• **Directions**
The whole listing, please: repeat it exactly, with the pictures left out.
+++ The data
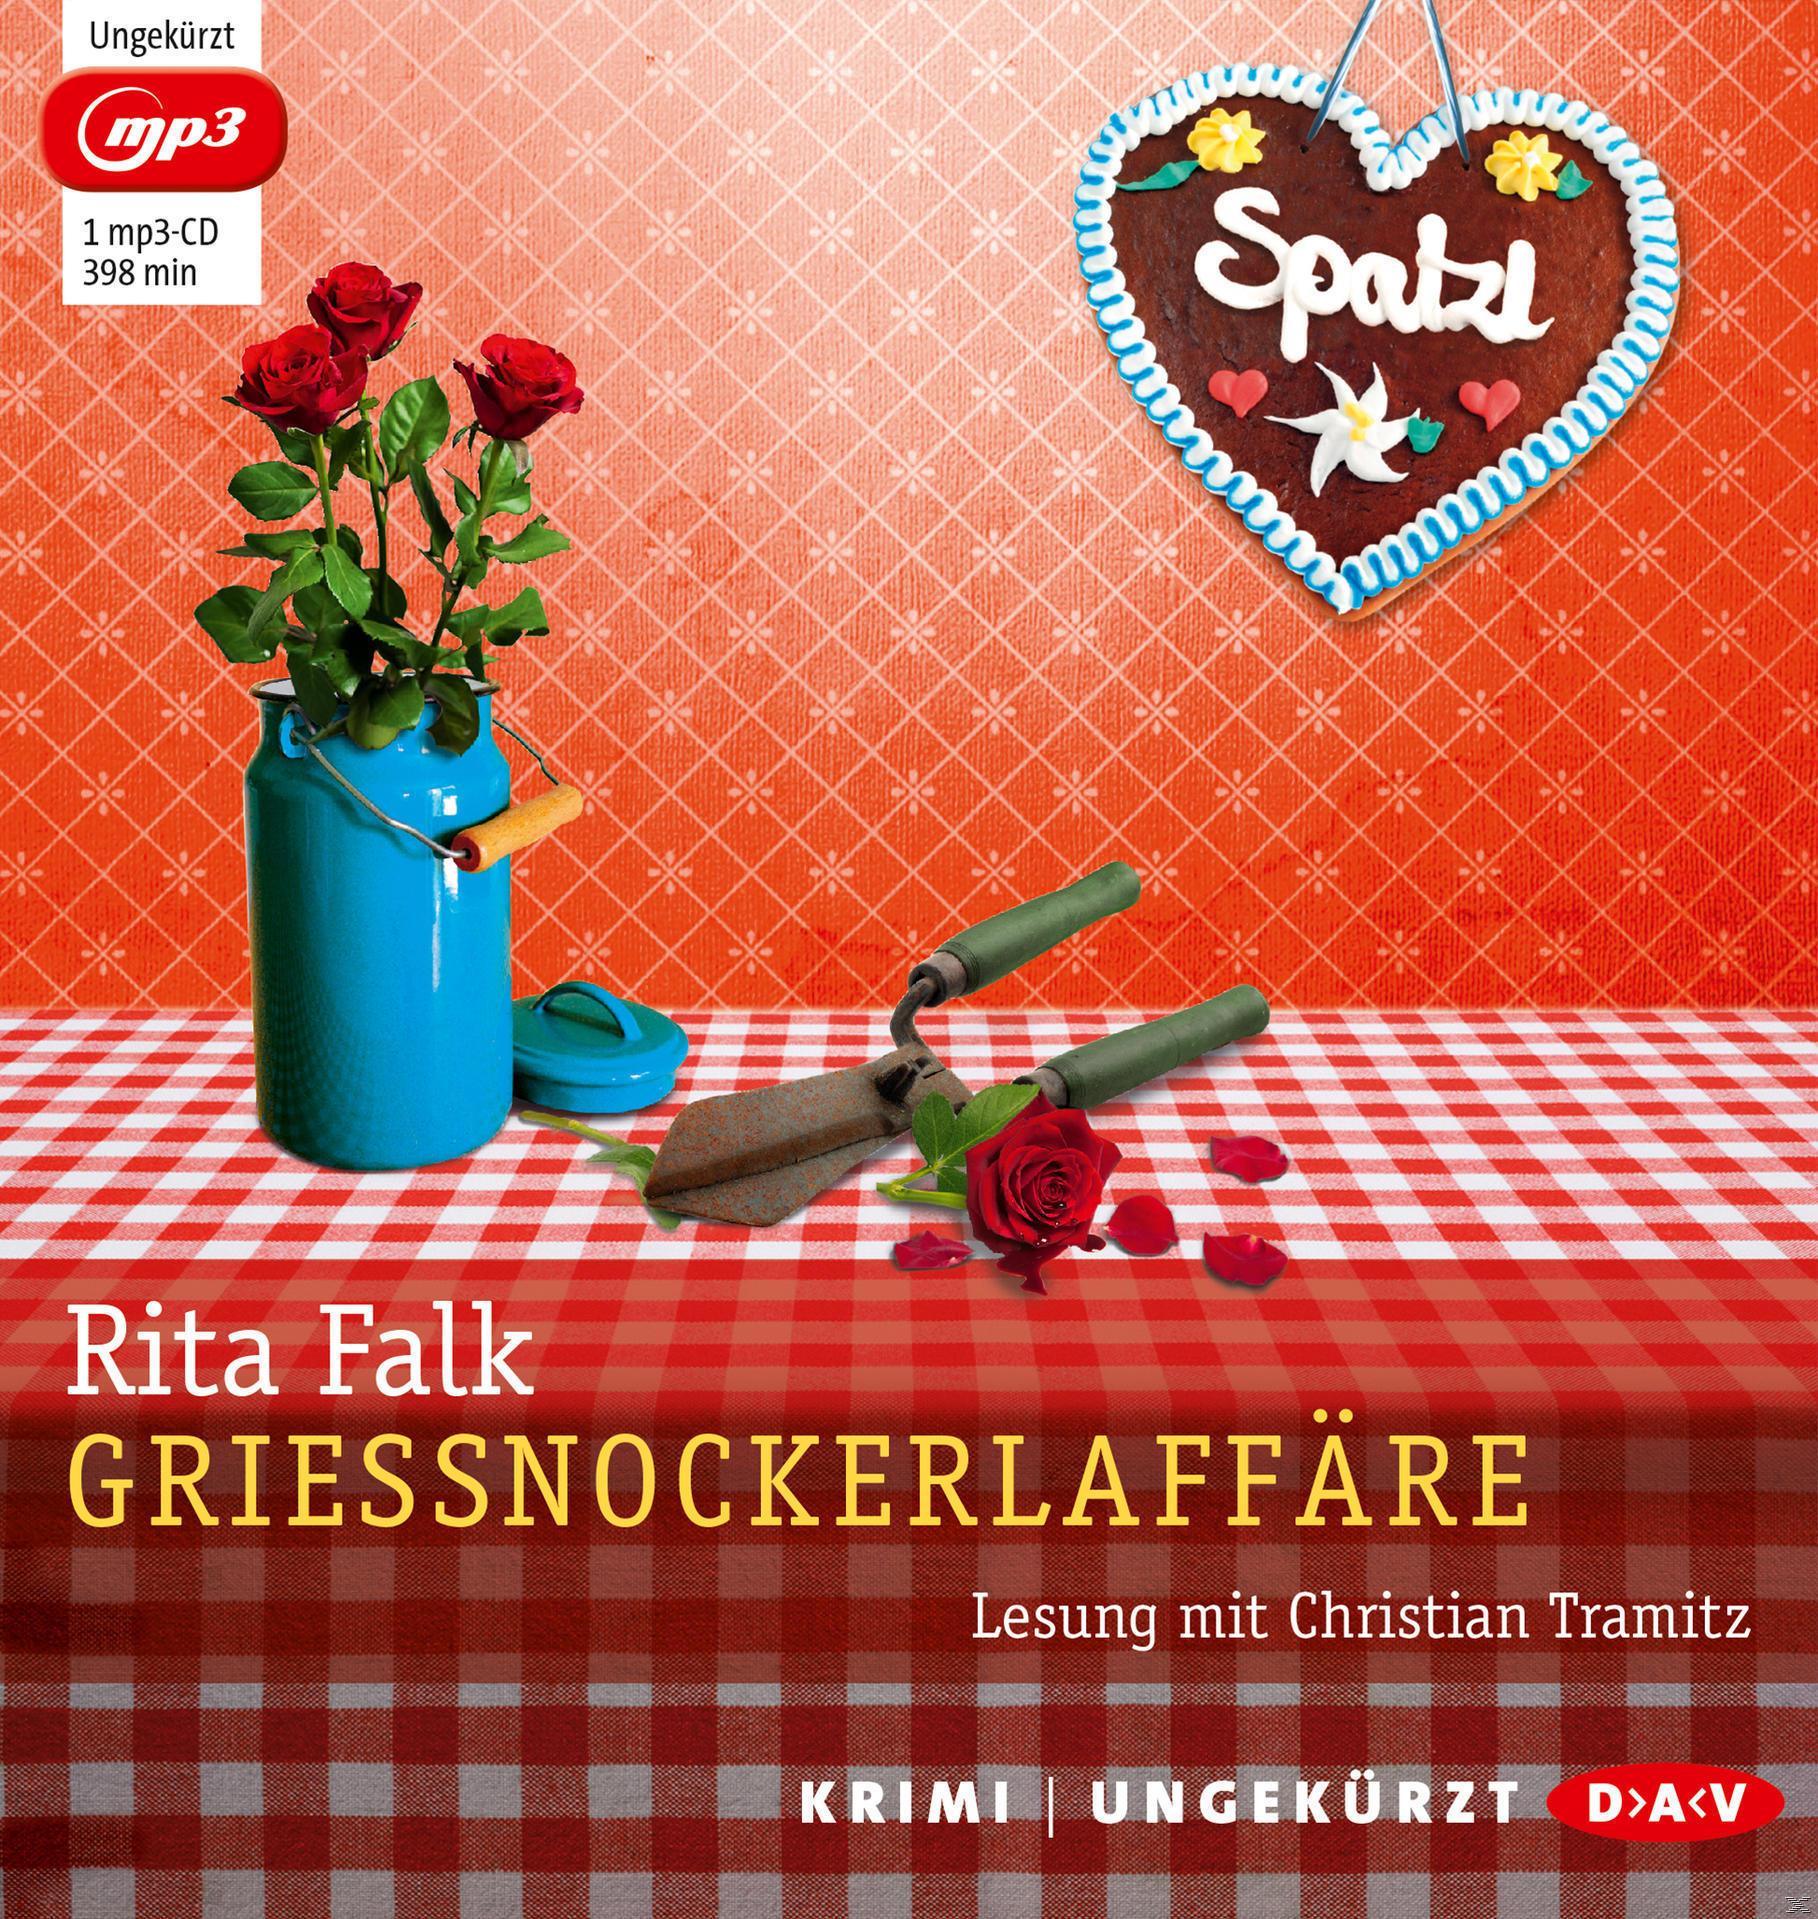 Grießnockerlaffäre (MP3-CD(s)) für 9,49 Euro
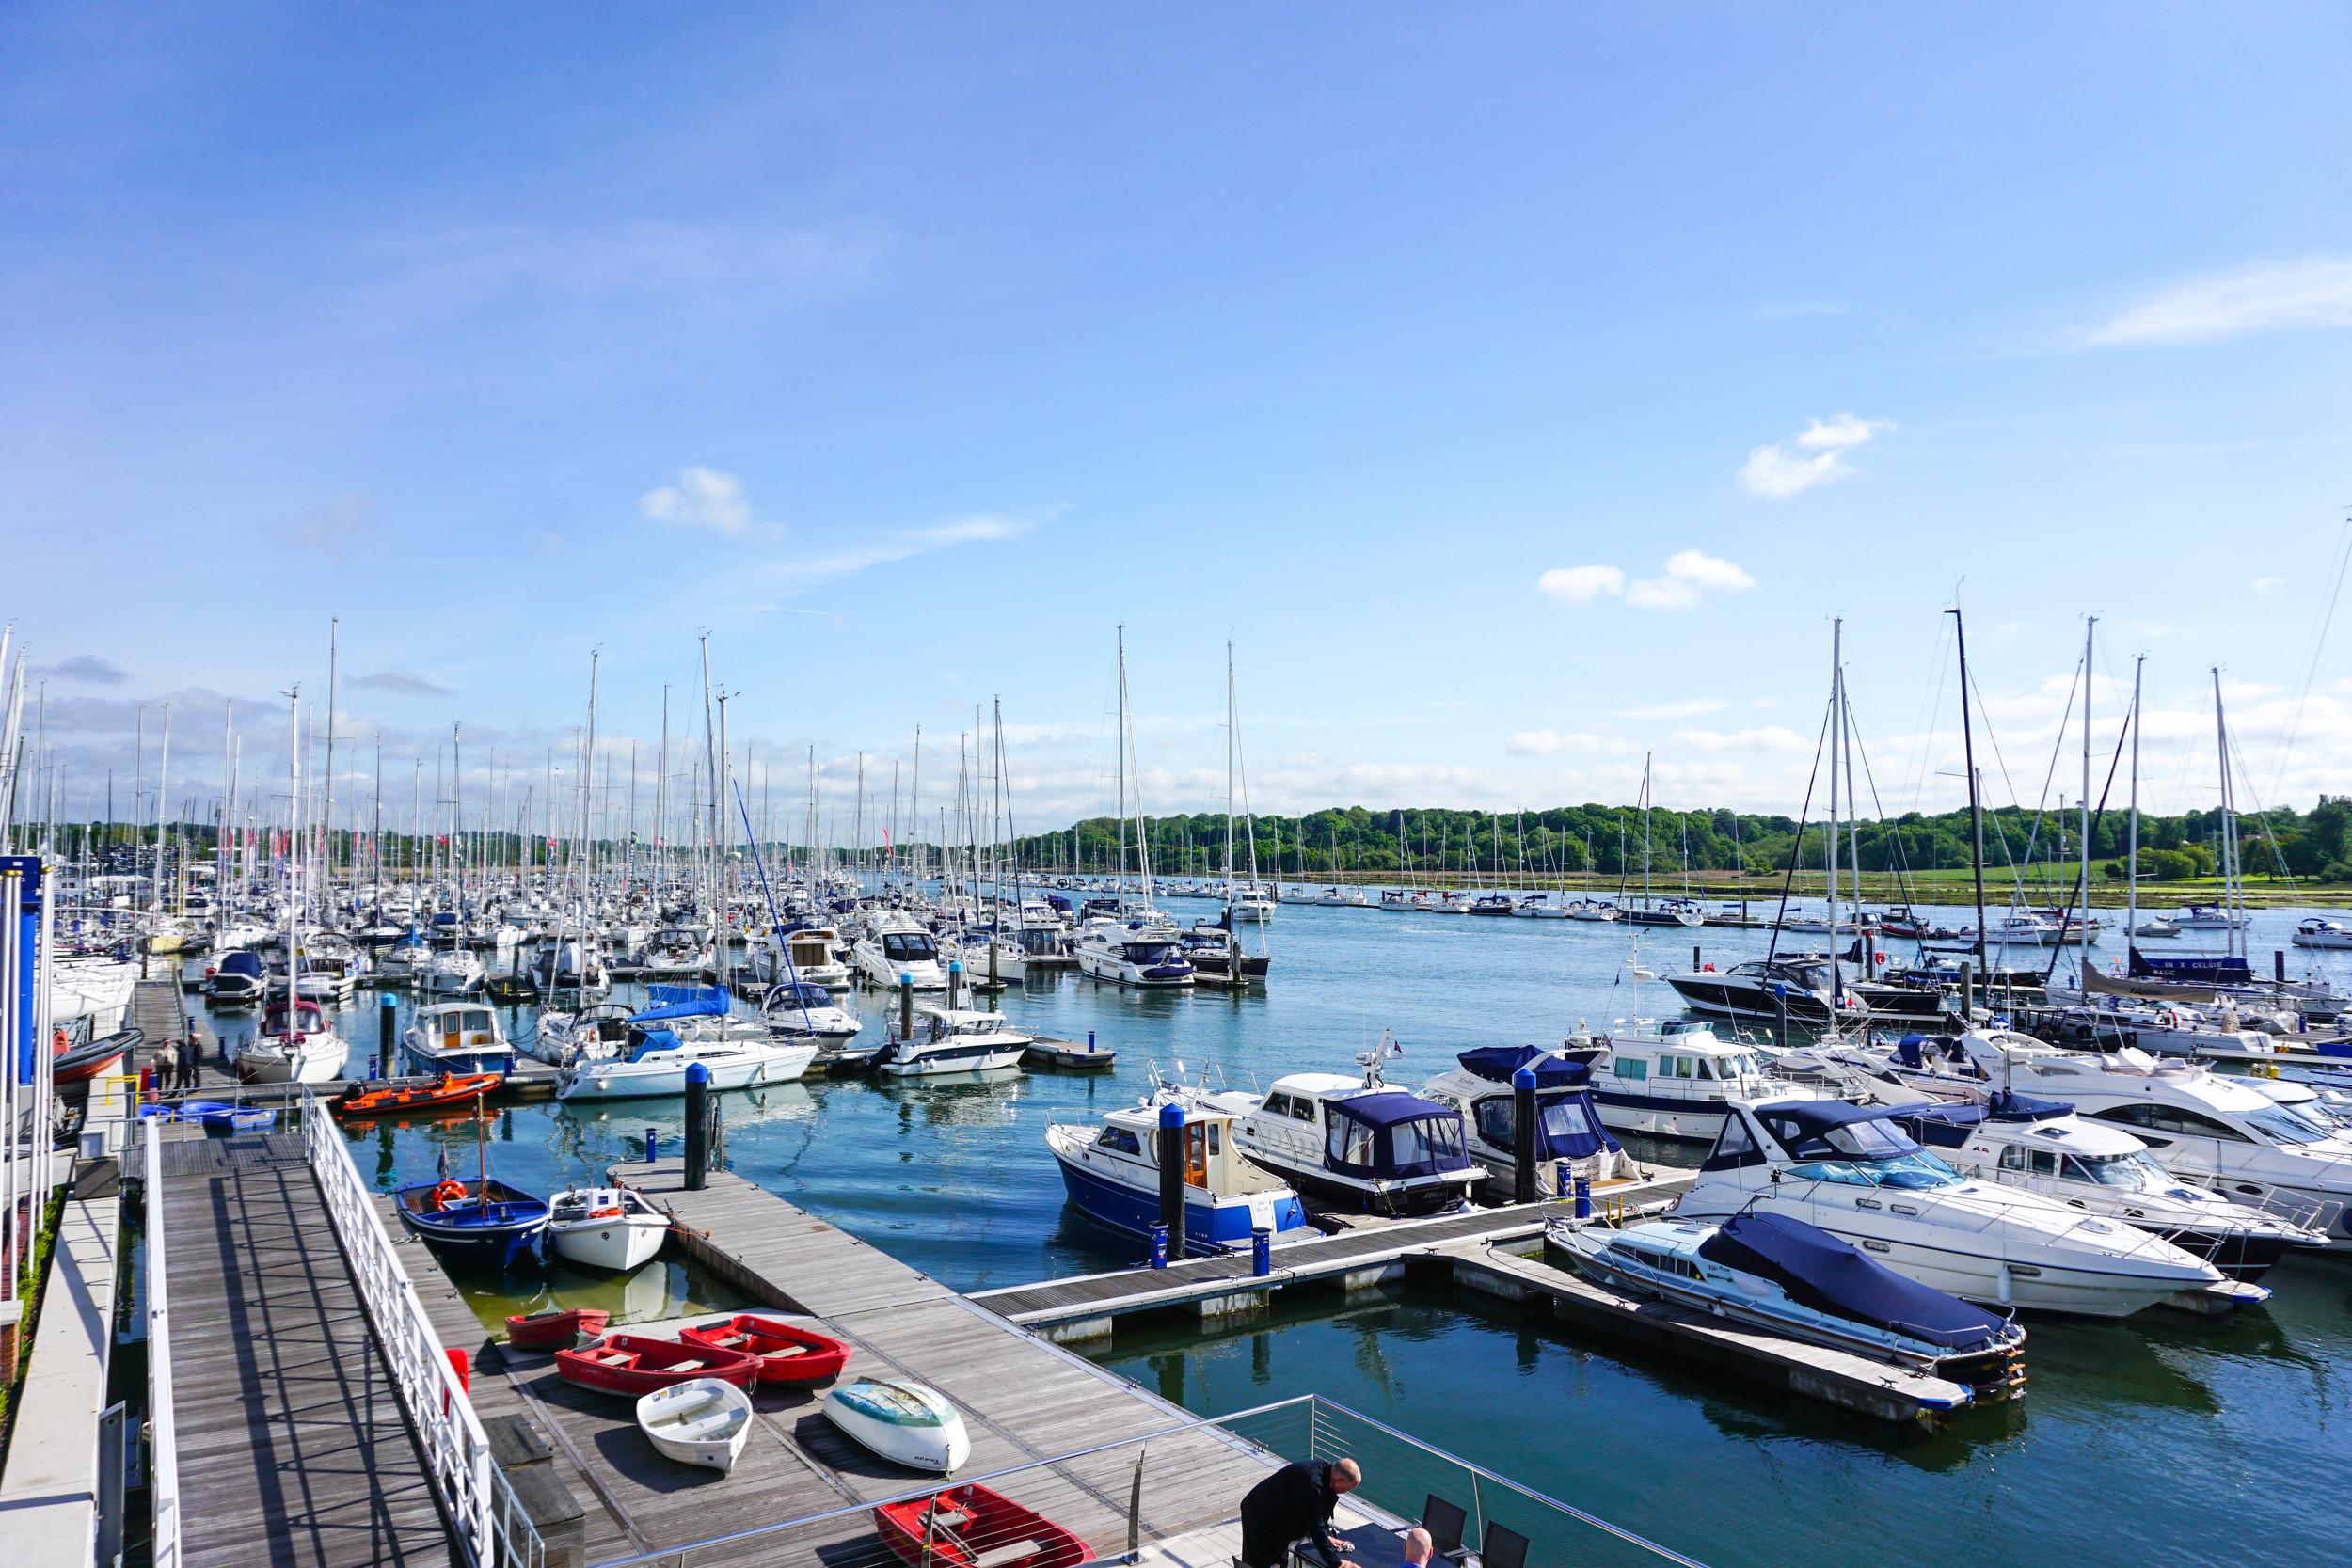 Royal Southern Yacht Club in Southampton
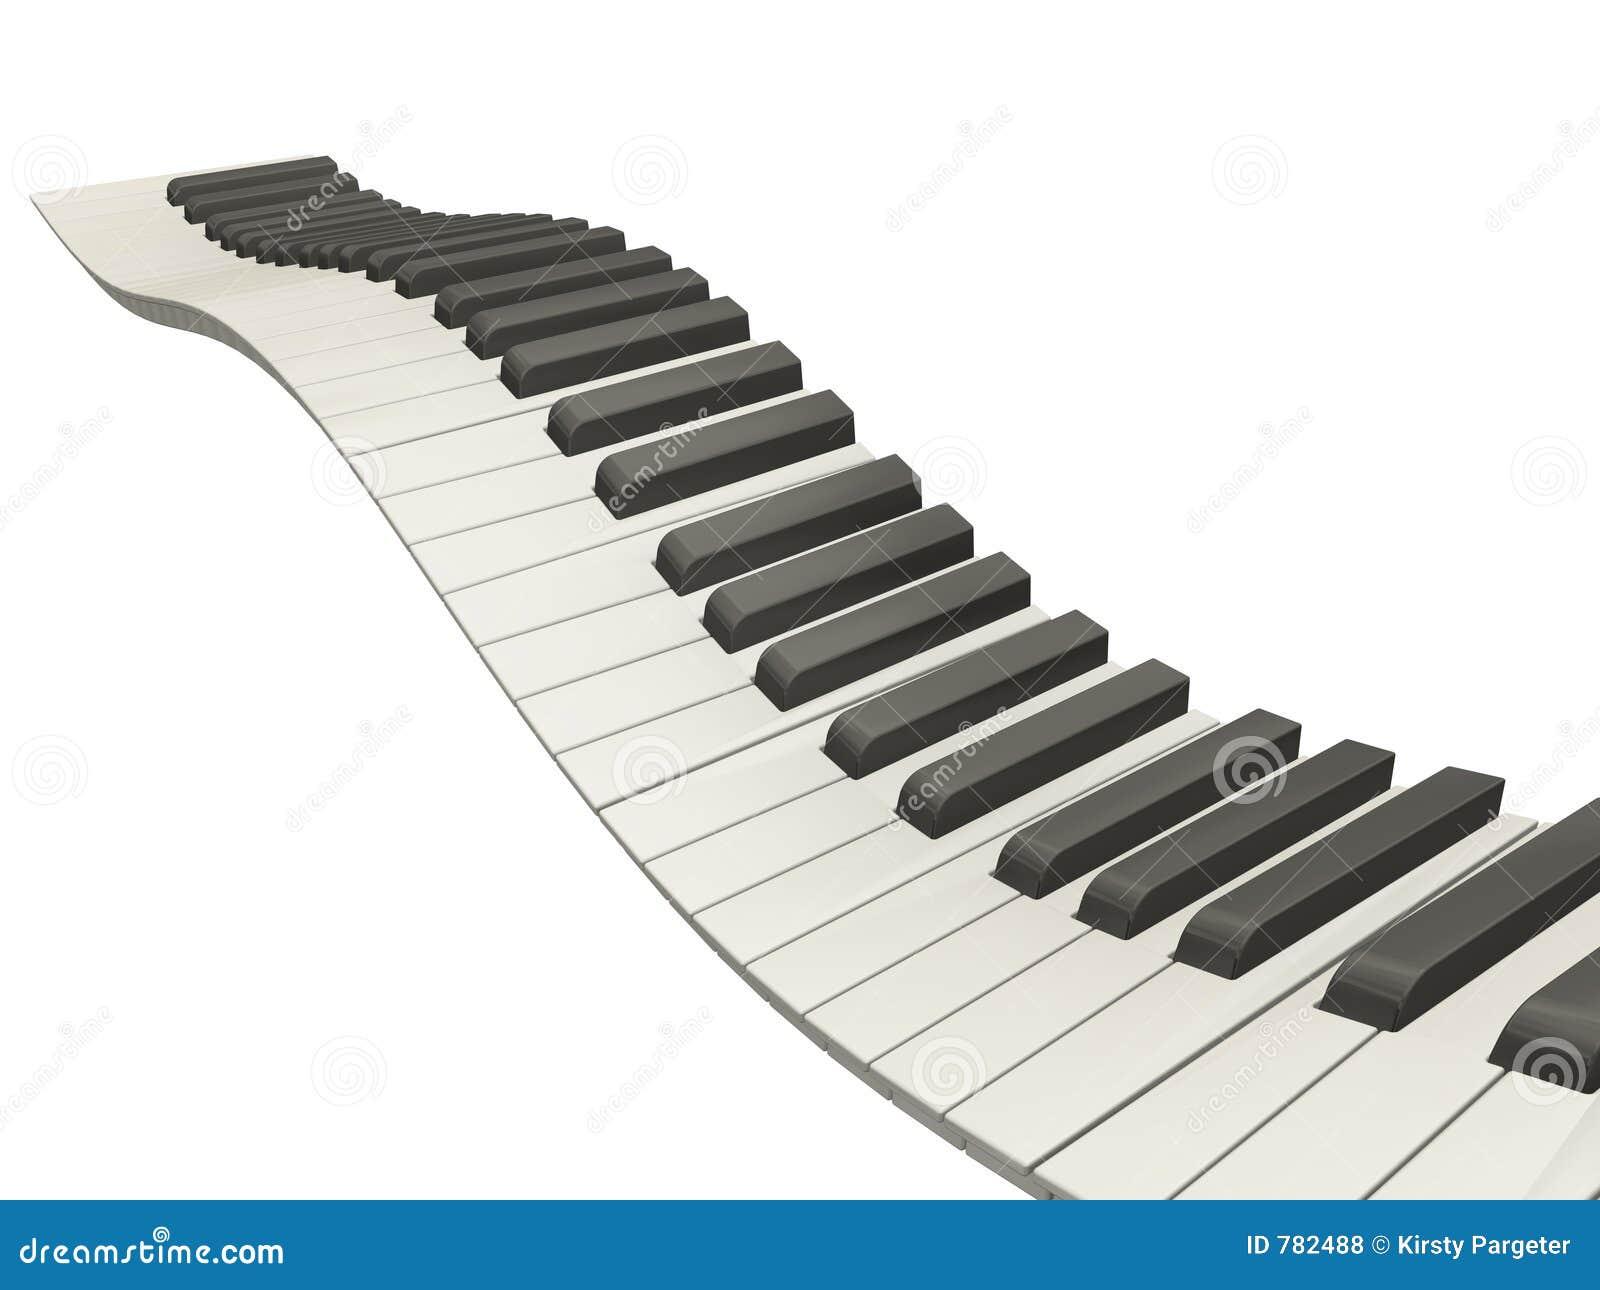 Wavy piano keys stock illustration illustration of for Disegno di piano domestico
++++++
• **Solution for this problem**
 Grießnockerlaffäre (MP3-CD(s)) für 9,49 Euro
 Royal Southern Yacht Club in Southampton
 Wavy piano keys stock illustration illustration of for Disegno di piano domestico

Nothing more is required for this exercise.